The death of Diane’s daughter by hanging two years earlier creates a vacuum in her heart, and she has to face her fears before it is too late. However, Diane’s granddaughter needs a home; for her father wants to shift his parental responsibility that leaves her in a quandary. Diane feels like a failure. She thinks she could have done a better job with her daughter, Cherylynn, as a mother. Cherylynn had a mind of her own; and she left her parental home at a tender age of 14. Her Waterloo was Gregory, Kyla’s father.

In the meantime, Diane’s husband, Lyle, enjoys the empty-nest atmosphere with his wife. He is obliged to make love to his wife anywhere or anytime in the comfort of their home. Things are about to change when Gregory decides to become a correction officer in a prison. Gregory’s caring for his daughter feels like a monkey on his back. He is passing his daughter, who represents a problem in his mind, off to her maternal grandparents. Lyle doesn’t want any part of fatherhood at this stage in his life. Life is good between him and Diane, and he wants to maintain his status. The audience sees both of them singing on stage and enjoying each other’s company.

The ghost of Cherylynn is still earth bound, and her daughter acknowledges her presence. Both Diane and Lyle try not to acknowledge their daughter’s presence. Diane wants a job. She goes to the library and she encounters home-wrecker Marge; and she shares her concerns with her concerning Kyla. Afterward, Marge meets Lyle and she informs him about Diane’s job-search endeavor. Lyle goes home and Diane tells him about her plans to become Kyla’s guardian. He’s furious and he leaves his home to defuse his frustration.

Low and behold, Lyle ends up at the bar where Madge, the Jezebel, decides to offer him the moon and the stars. A promise is the comfort to a fool! Both of them enjoy a dance together; and the audience sees him as he contemplates his next move. Diane faces the challenges of motherhood and being the matriarch of her family. Cherylynn’s earth-bound spirit, the ghost, wants to take her daughter with her, and Diane has to do her best to keep Kyla safe with love and compassion.

Diane advises Cherylynn’s ghost to leave Kyla alone, for she needs to go over to the beyond. Her lingering spirit needs to cross over from this realm. Each member of the family has its own lingering spirit. The audience witnesses three generations of women at the same place under the tree. Diane gets an opportunity to make things right the second time around. Lyle gets an opportunity to voice his fears to Diane; yet he gives his definitions seduction. He shows his granddaughter a brief act of kindness, yet Lyle wants to jump ship and takes Madge up on her offer for her supposedly empty-nest home.
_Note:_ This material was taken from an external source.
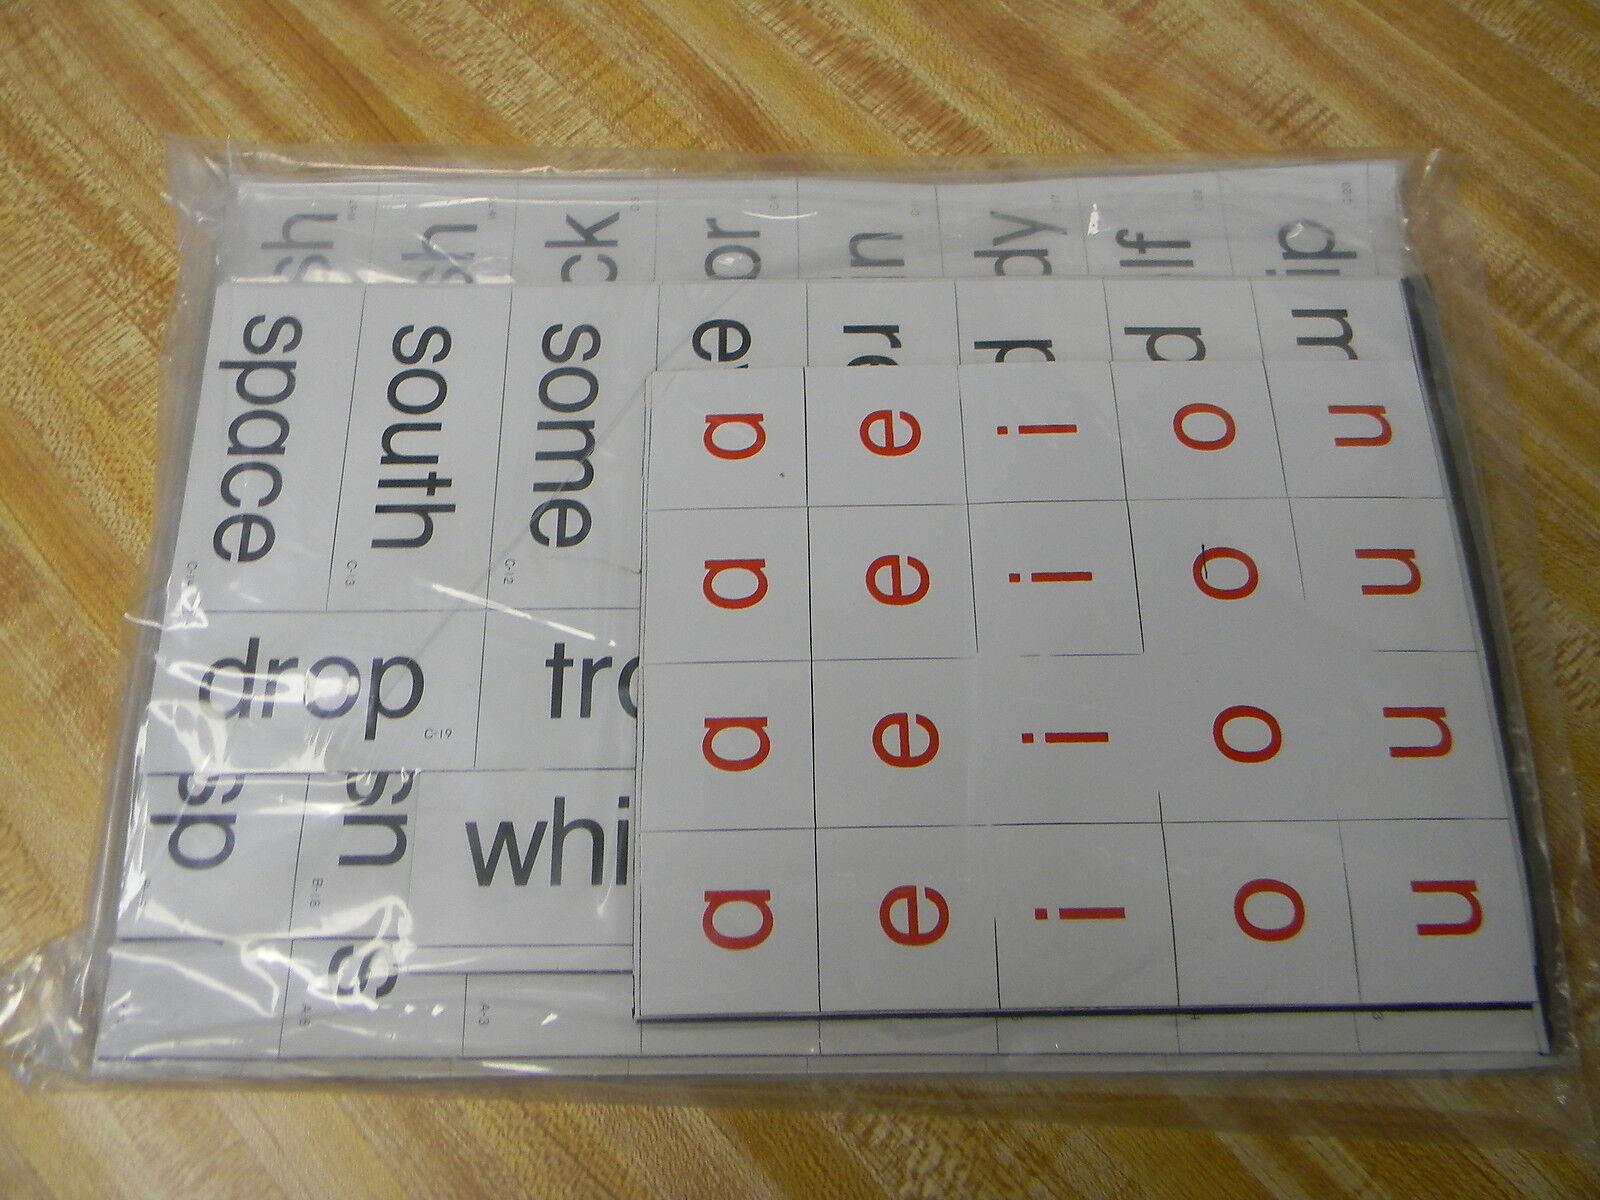 466 Magnetic Letters Words & Phonics Tiles Teachers Aid Spelling Sentence Making

The writer gets her message across to the audience because she takes a real-life experience and weaves it into a well-written play. In Lyle’s case, he is ready to abandon his granddaughter with the promise of a home without children with Madge. This is a tale to encourage young women to stay at home with their parents and get their education. We all have to recognize that liberation without preparation is a very dangerous thing. It is a performance that is worthy of seeing, and I surely recommend it to theatre goers and non-theatre goers.